◆ **ACTION ITEM**:
Once you find the line with "Kenzo \N Handtasche" in the listing below, please repeat it and every later line exactly, through the last one, without pictures.
*** Opening of DATA EXCERPT ***
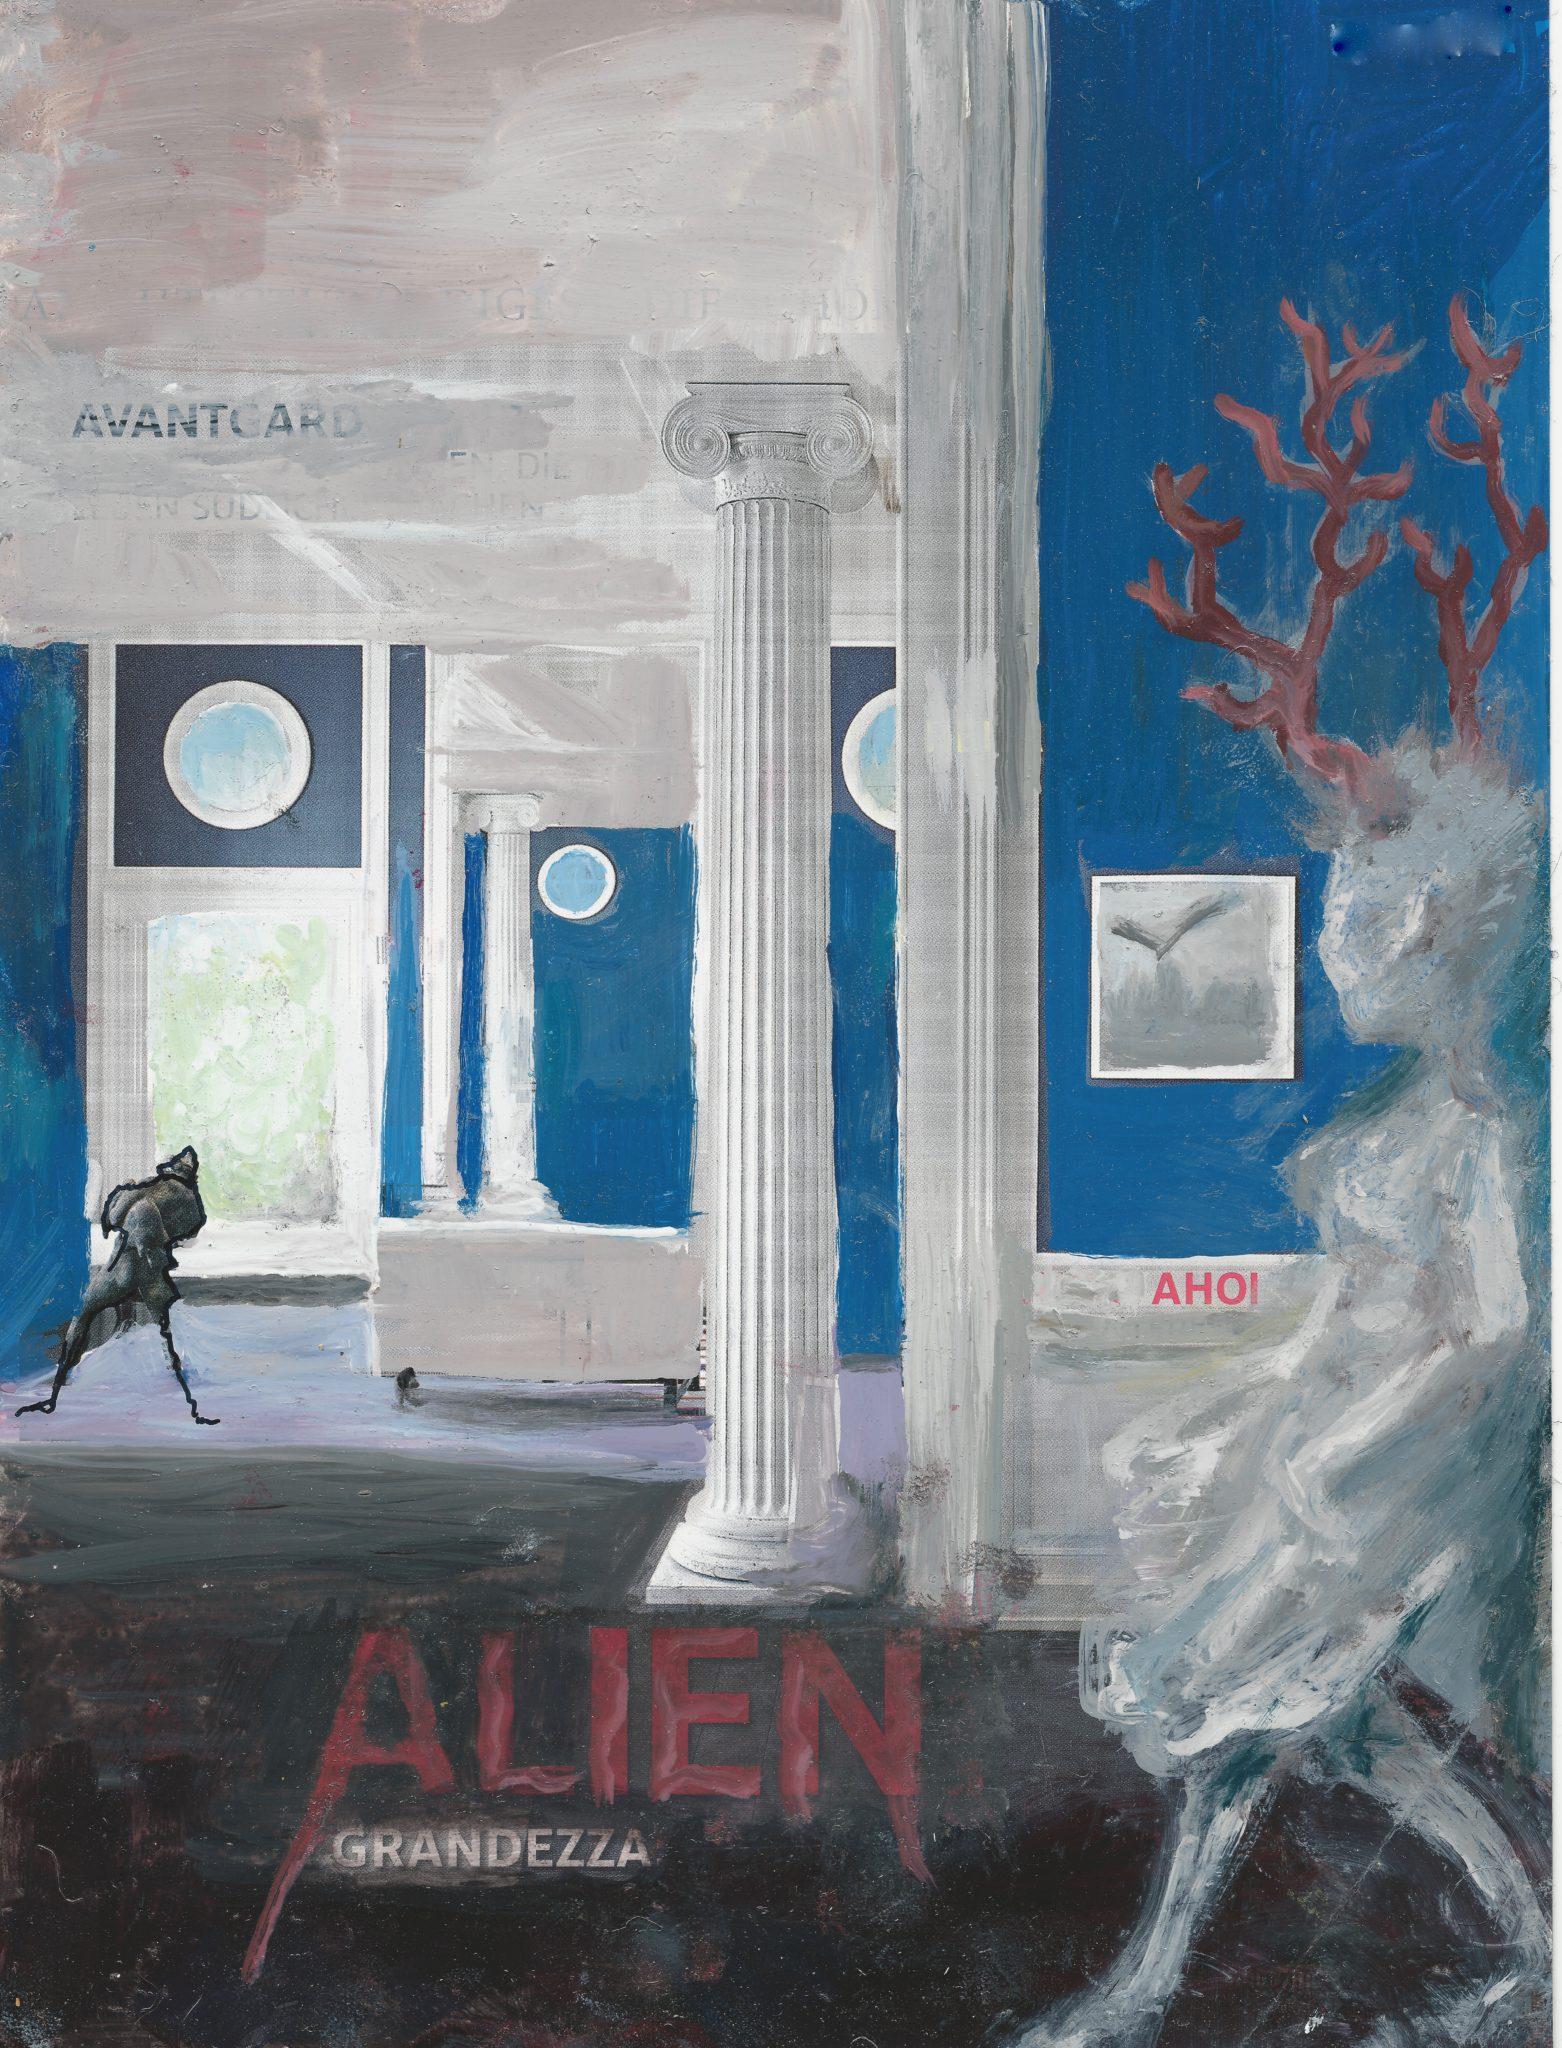 Ahoi Alien
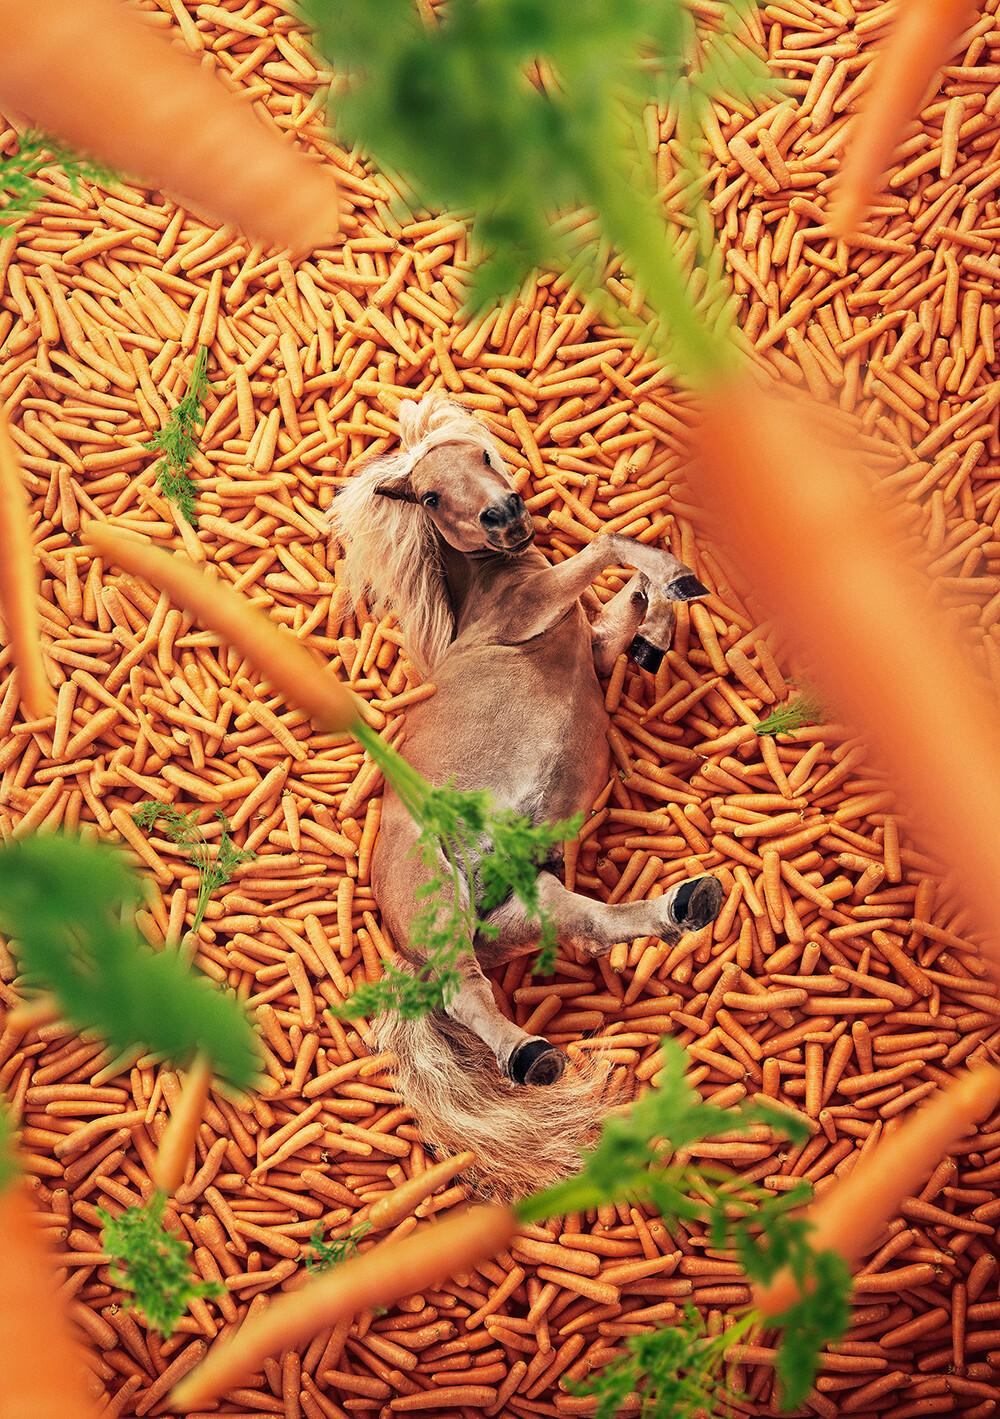 Alexander crispin atg vinnie carrots americanbeaty
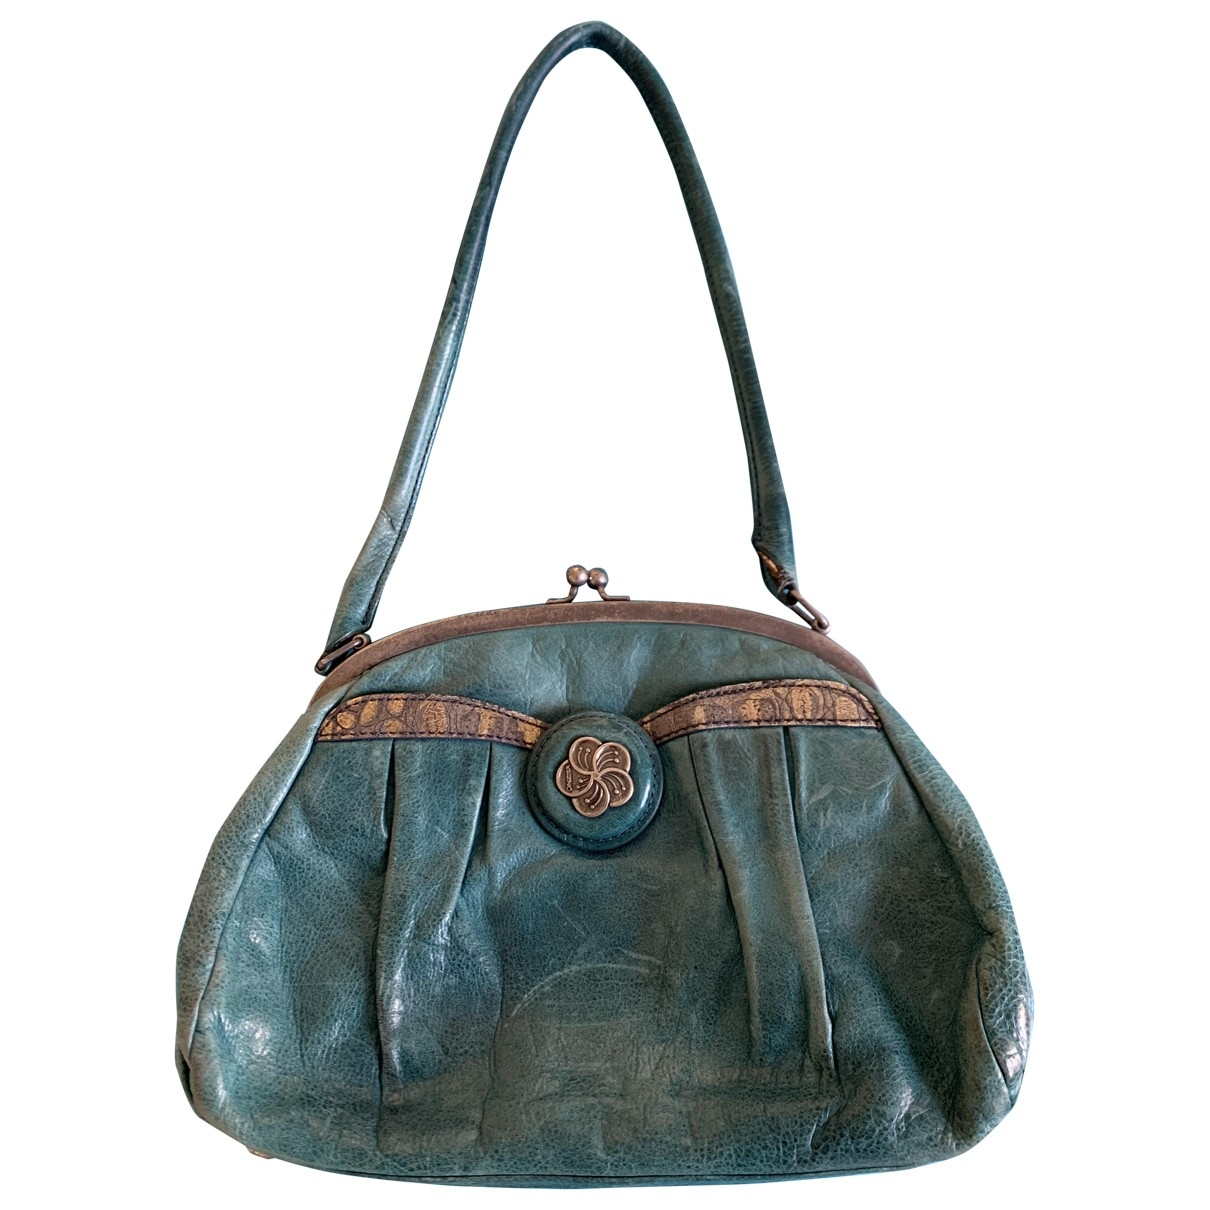 Kenzo \N Handtasche in  Tuerkis Leder
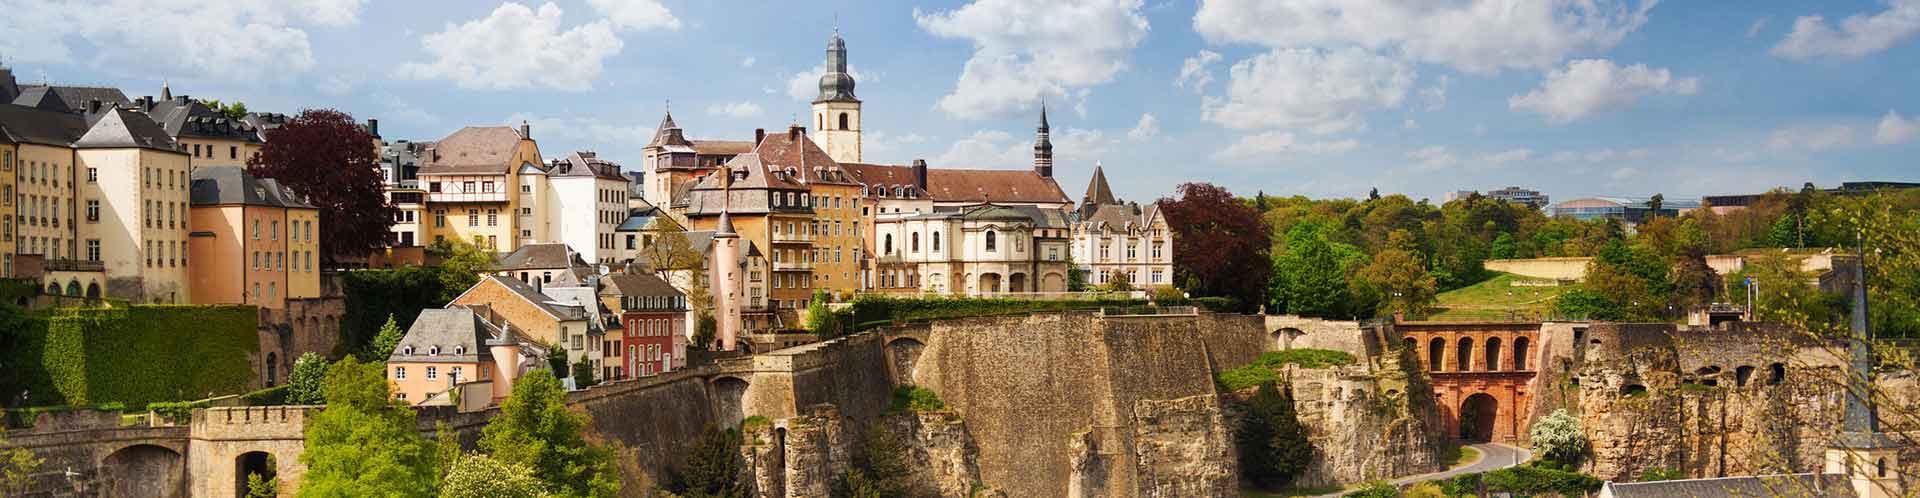 free tours luxemburgo
*** Close of DATA EXCERPT ***
◆ **TASK SOLUTION**:
 Kenzo \N Handtasche in  Tuerkis Leder
 free tours luxemburgo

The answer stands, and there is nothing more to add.